GIVEN INFORMATION.
_ _ _ _
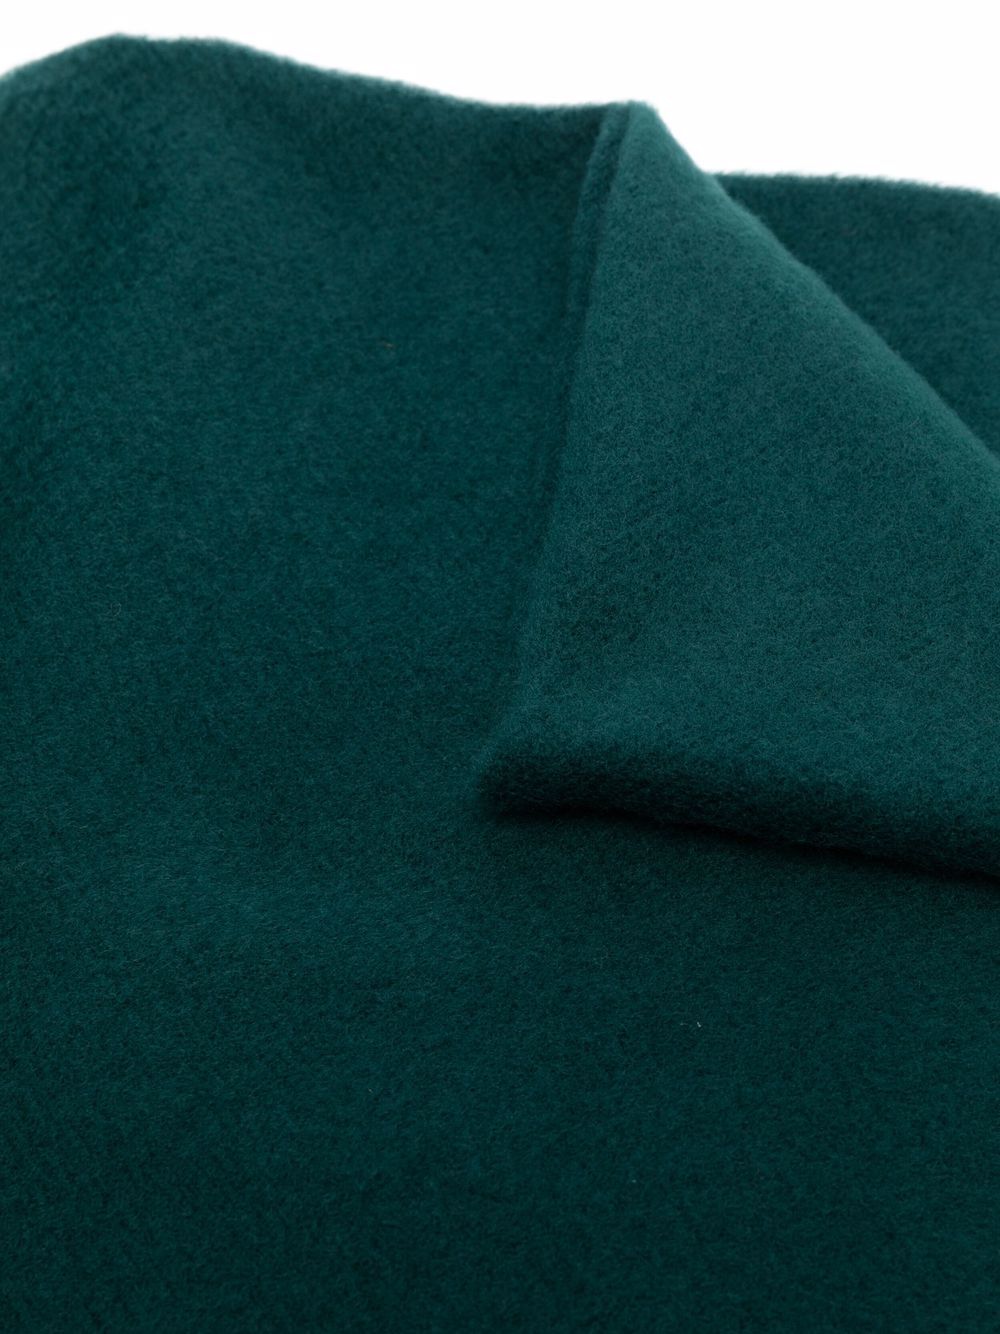 фото Acne studios шерстяной шарф тонкой вязки
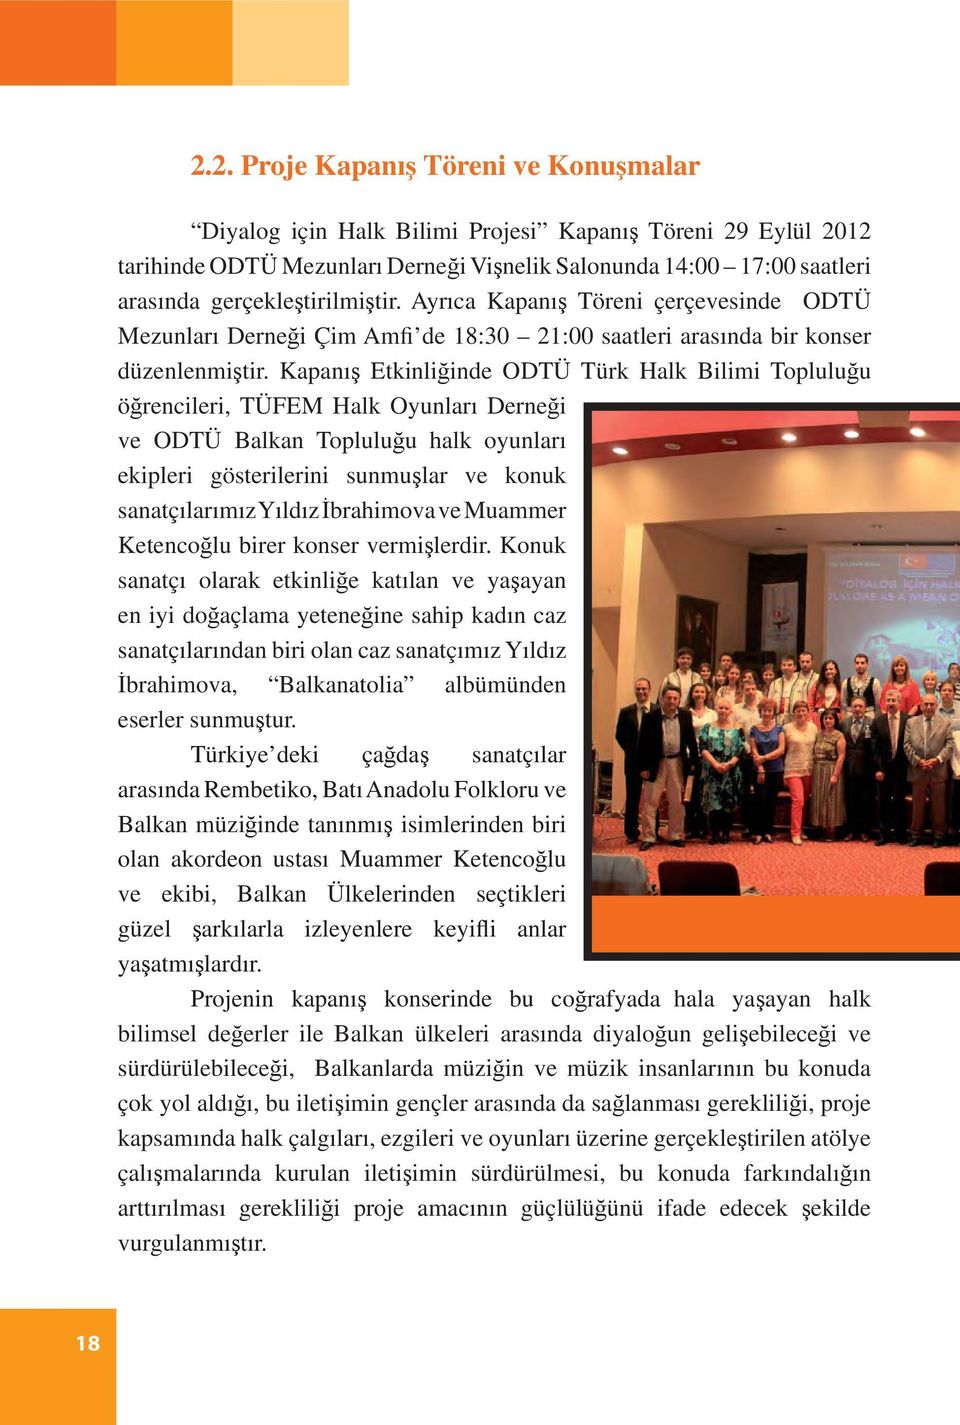 Kapanış Etkinliğinde ODTÜ Türk Halk Bilimi Topluluğu öğrencileri, TÜFEM Halk Oyunları Derneği ve ODTÜ Balkan Topluluğu halk oyunları ekipleri gösterilerini sunmuşlar ve konuk sanatçılarımız Yıldız
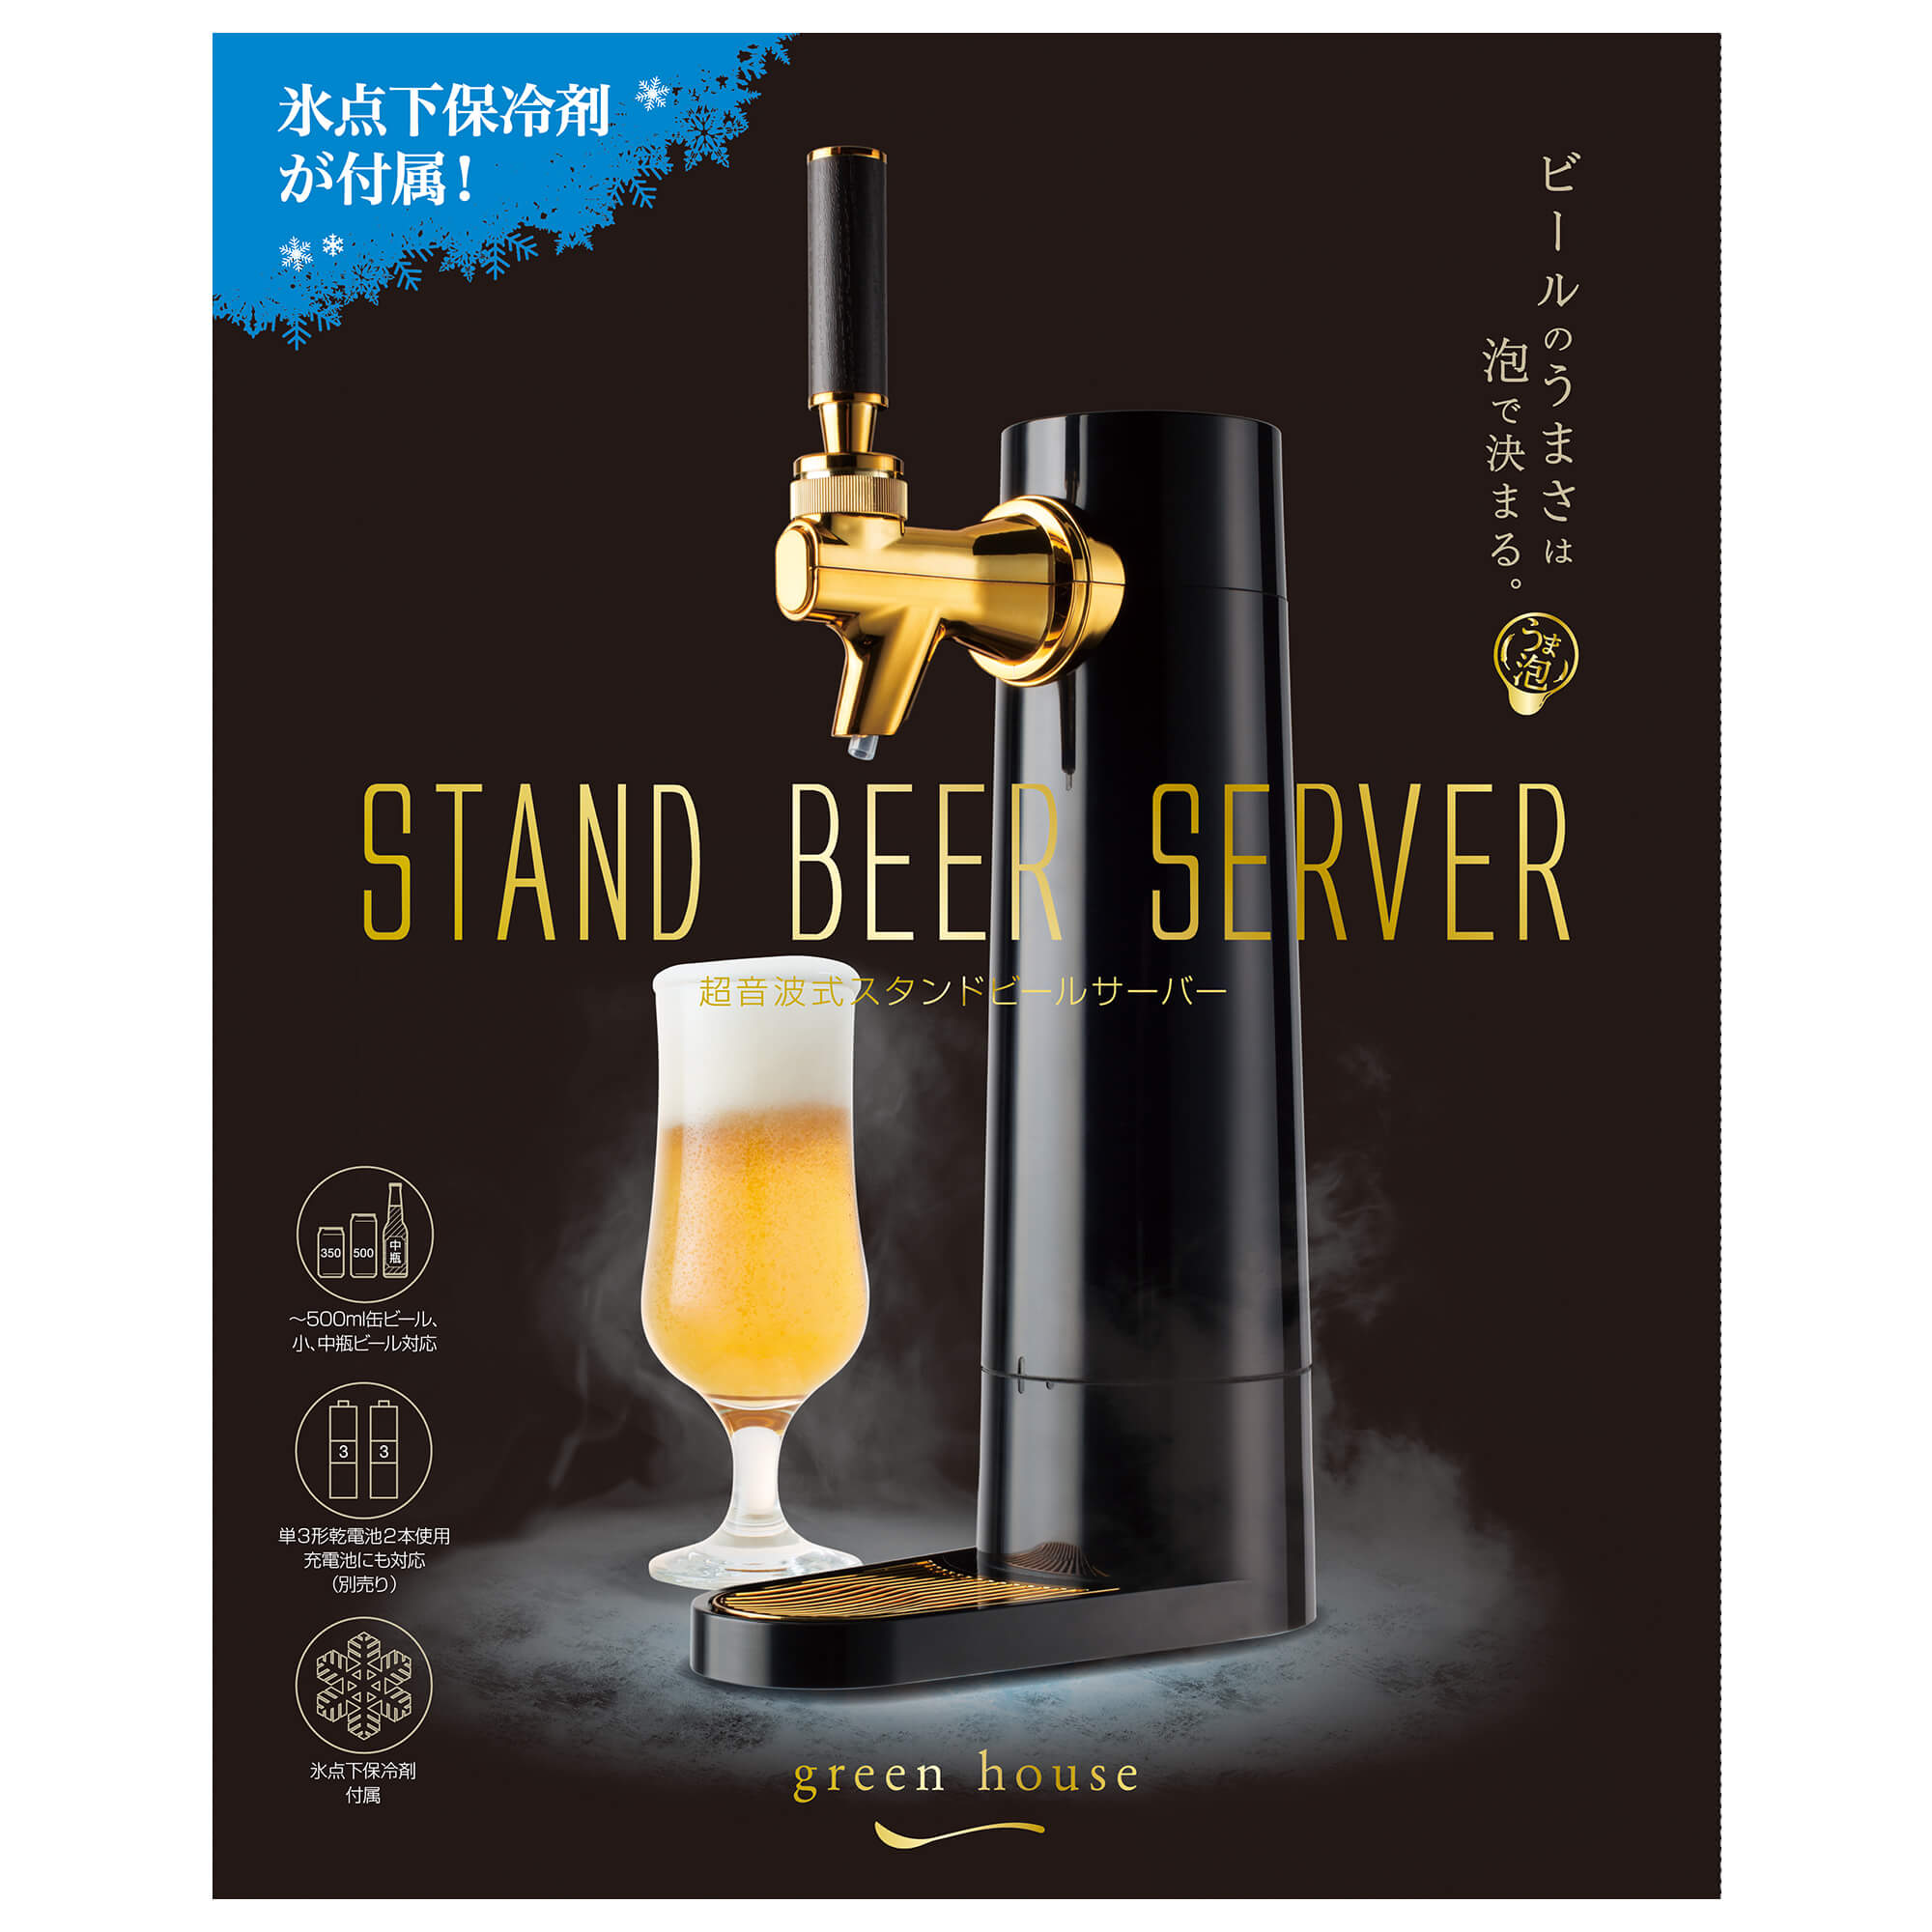 売上実績NO.1 beer server ビールサーバー グリーンハウス 超音波式缶ビールサーバー
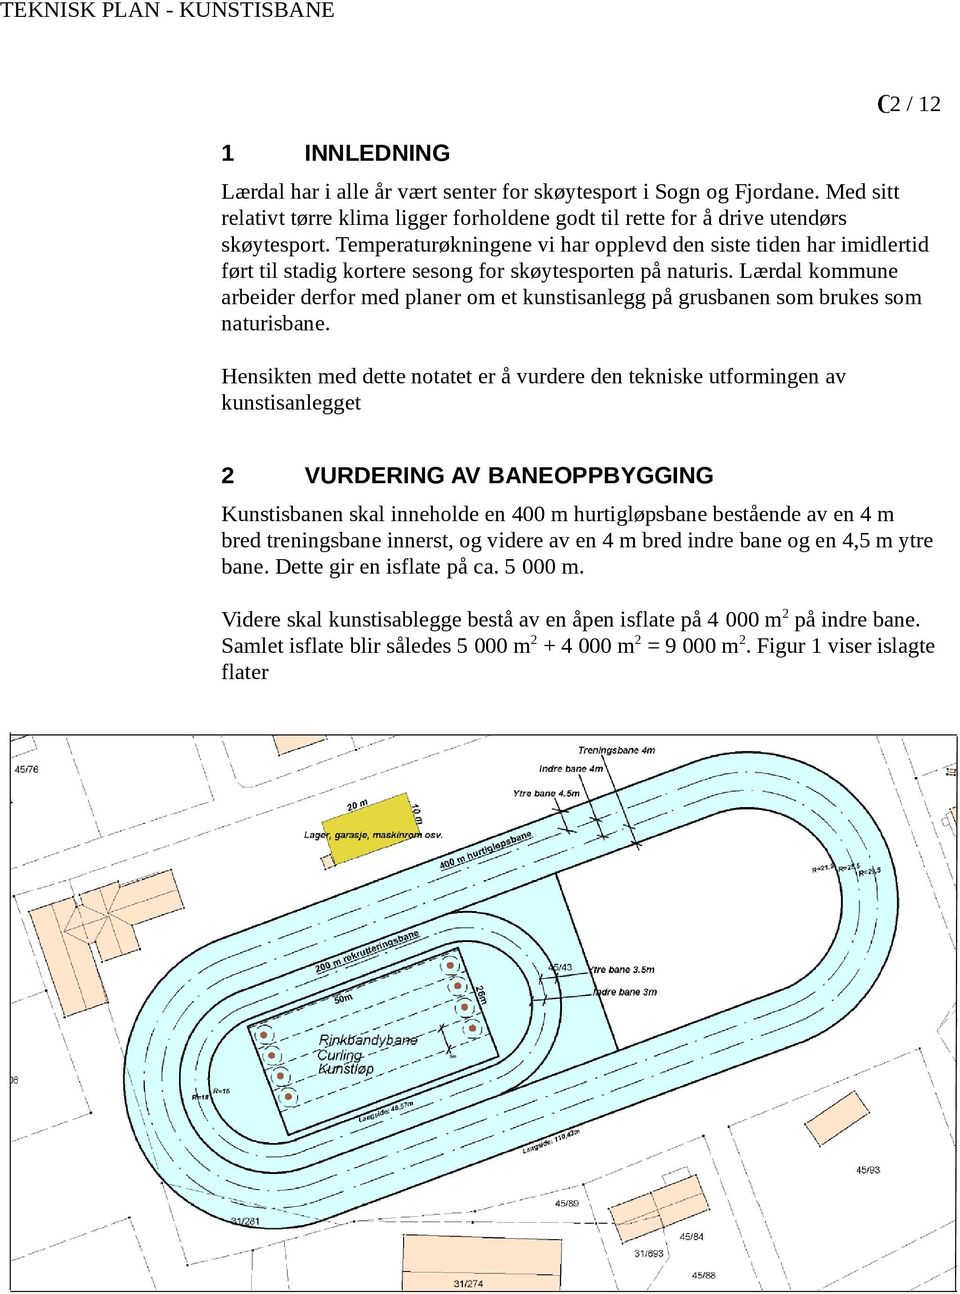 Lærdal kommune arbeider derfor med planer om et kunstisanlegg på grusbanen som brukes som naturisbane. Hensikten med dette notatet er å vurdere den tekniske utformingen av kunstisanlegget.
_ _ _ _
THE TASK.
In the answer, set down only the lines from the opening line of the listing through the line that holds "Kapanış Etkinliğinde ODTÜ", exactly as they appear, minus the pictures.

OUTPUT FOR THIS EXERCISE.
 фото Acne studios шерстяной шарф тонкой вязки
 Kapanış Etkinliğinde ODTÜ Türk Halk Bilimi Topluluğu öğrencileri, TÜFEM Halk Oyunları Derneği ve ODTÜ Balkan Topluluğu halk oyunları ekipleri gösterilerini sunmuşlar ve konuk sanatçılarımız Yıldız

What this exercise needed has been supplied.